===== Task data =====

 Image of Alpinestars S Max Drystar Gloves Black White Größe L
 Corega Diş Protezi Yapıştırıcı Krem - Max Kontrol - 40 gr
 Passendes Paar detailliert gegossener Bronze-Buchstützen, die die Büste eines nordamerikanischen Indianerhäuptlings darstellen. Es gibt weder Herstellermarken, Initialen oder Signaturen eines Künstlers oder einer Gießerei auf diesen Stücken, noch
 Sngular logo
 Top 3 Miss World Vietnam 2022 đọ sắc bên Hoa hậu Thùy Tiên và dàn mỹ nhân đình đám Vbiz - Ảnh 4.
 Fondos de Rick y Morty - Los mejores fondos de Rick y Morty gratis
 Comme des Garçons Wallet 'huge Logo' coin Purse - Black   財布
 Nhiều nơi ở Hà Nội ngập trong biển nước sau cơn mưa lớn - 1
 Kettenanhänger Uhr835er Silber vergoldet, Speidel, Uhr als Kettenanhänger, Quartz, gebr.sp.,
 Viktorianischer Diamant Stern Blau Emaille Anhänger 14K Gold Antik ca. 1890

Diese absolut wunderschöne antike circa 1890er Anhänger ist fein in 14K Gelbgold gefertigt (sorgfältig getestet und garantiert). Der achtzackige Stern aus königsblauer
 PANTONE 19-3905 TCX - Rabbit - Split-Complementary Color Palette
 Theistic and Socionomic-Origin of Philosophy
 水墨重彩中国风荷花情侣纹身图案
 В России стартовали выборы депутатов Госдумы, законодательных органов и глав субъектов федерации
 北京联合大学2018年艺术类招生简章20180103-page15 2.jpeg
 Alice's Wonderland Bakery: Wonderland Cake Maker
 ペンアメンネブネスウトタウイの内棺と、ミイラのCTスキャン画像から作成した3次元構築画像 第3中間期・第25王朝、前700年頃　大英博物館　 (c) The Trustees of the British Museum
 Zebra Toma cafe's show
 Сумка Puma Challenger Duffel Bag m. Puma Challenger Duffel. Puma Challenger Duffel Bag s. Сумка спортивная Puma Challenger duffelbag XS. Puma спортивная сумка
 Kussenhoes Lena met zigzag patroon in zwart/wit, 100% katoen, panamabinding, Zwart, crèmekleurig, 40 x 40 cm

=====

■ Problem to solve
The answer is the line holding "Comme des Garçons" and all the lines after it through the end of the records, repeated exactly.

■ Response to this exercise
 Comme des Garçons Wallet 'huge Logo' coin Purse - Black   財布
 Nhiều nơi ở Hà Nội ngập trong biển nước sau cơn mưa lớn - 1
 Kettenanhänger Uhr835er Silber vergoldet, Speidel, Uhr als Kettenanhänger, Quartz, gebr.sp.,
 Viktorianischer Diamant Stern Blau Emaille Anhänger 14K Gold Antik ca. 1890

Diese absolut wunderschöne antike circa 1890er Anhänger ist fein in 14K Gelbgold gefertigt (sorgfältig getestet und garantiert). Der achtzackige Stern aus königsblauer
 PANTONE 19-3905 TCX - Rabbit - Split-Complementary Color Palette
 Theistic and Socionomic-Origin of Philosophy
 水墨重彩中国风荷花情侣纹身图案
 В России стартовали выборы депутатов Госдумы, законодательных органов и глав субъектов федерации
 北京联合大学2018年艺术类招生简章20180103-page15 2.jpeg
 Alice's Wonderland Bakery: Wonderland Cake Maker
 ペンアメンネブネスウトタウイの内棺と、ミイラのCTスキャン画像から作成した3次元構築画像 第3中間期・第25王朝、前700年頃　大英博物館　 (c) The Trustees of the British Museum
 Zebra Toma cafe's show
 Сумка Puma Challenger Duffel Bag m. Puma Challenger Duffel. Puma Challenger Duffel Bag s. Сумка спортивная Puma Challenger duffelbag XS. Puma спортивная сумка
 Kussenhoes Lena met zigzag patroon in zwart/wit, 100% katoen, panamabinding, Zwart, crèmekleurig, 40 x 40 cm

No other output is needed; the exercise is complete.